Hello, new to the saltwater environment but have been around freshwater...
I took a look at the sticky for supplies needed to start a saltwater setup. Just wondering what the pros advice would be on what size to start with? I wanted to start with possibly around a 36 gallon. Another question is when do I take installing a sump into consideration? Is that something that a 36 gallon would need or do the bigger tanks require it? I'm looking to have to do the least amount of water changes as possible due to living in an apartment and not having to deal with the transfer of water. Any info is greatly appreciated


----------



## Reefing Madness (Aug 12, 2011)

36g tank is an ok starter. Being as your in an apartment, I'd say its a very good starter. Being as I'd normally say 75 or 90g, as they have the same foot print, the 90 is just a bit taller and you can have more fish, more as in have a Tang.
As far as utilizing a Sump, thats entirely up to you. Its not a need but rather a bonus for the tank itself. If done correctly it will sustain quite a bit of life by itself, and help maintain water quality. Now, this of course would also depend on how you set up your DT and weather or not you've got a ton of fish in there. If your not wanting to do water changes then I'd definately get one up when you set up the system. And or set up an ATS (Algae Turf Scrubber) with it, as this will help out 2 fold. Also, a large enough skimmer also helps in the clean water area.
Then again there is the tried and true carbon dosing, aka Vodka Dosing, which I do. I run both the sump with macro algae and Vodka Dose. I do water changes every 6 months on my system. Checking and dosing whats needed to the system weekly.


----------



## AquariumFiend (Jan 13, 2011)

When would the sump need to be installed? Is that something you hook up while it cycles the first 6 or so weeks? I would like to have live rock but not necessarily looking to have a reef on my first salt water tank. Would a 10 gallon sump be ideal for a 36 gallon tank? Does anyone have plans for a DIY sump? 

Appreciate the help


----------



## Reefing Madness (Aug 12, 2011)

If your going with a Sump, yes, set it up along with your DT at the same time.

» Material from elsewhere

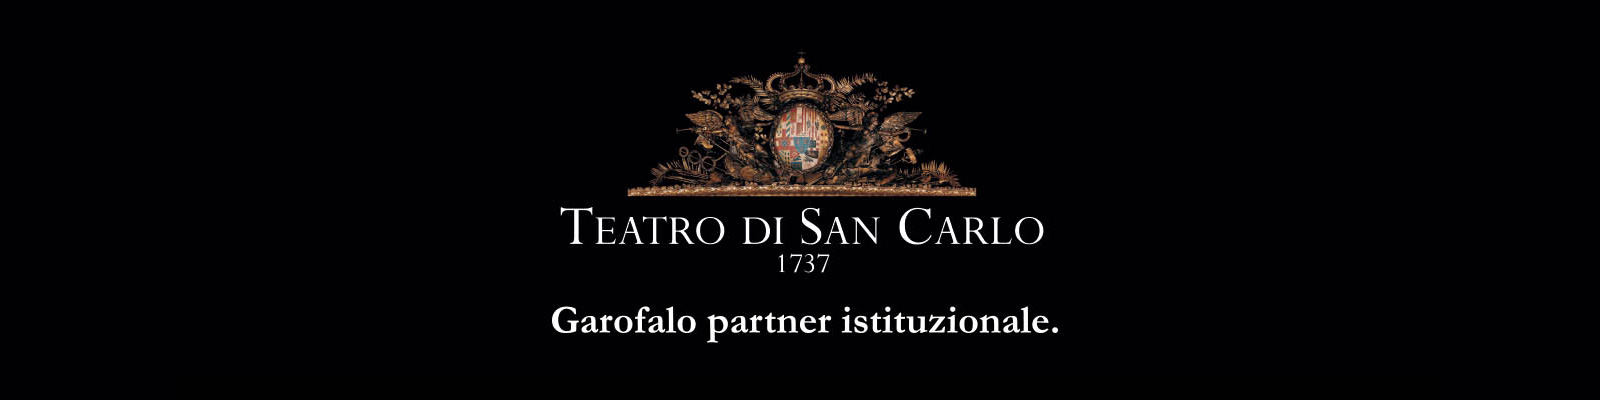 A massa Garofalo patrocina o Teatro S. Carlo

The Macro Algae will help with the cycle, and knock it down in time quite a bit.
10g sump would be ok, 20 would be better.
Melevsreef.com - DIY Glass Sump & Refugium
Reef Workshop - DIY Sump Design #1


----------



## AquariumFiend (Jan 13, 2011)

How do I go about using an RO/DI system? Is it separate from the tank? I've read about people storing water in buckets over night when they add the salt. Does the system just hook up to a hose and filter thru then come out another end into wherever u have it? Sorry bout the stupid questions. Just wanna do it right the first time


----------



## coralbandit (Jul 29, 2012)

RO/DI can be hooked to your kitchen sink(even temporary).It is not connected to aquarium.Some kind of "storage vessel" is needed.It could be a 5 gallon bucket or a 32 gl garbage can.
RO System Basics - EP 1: RO System Basics and Your Reef Tank - Bulk Reef Supply


----------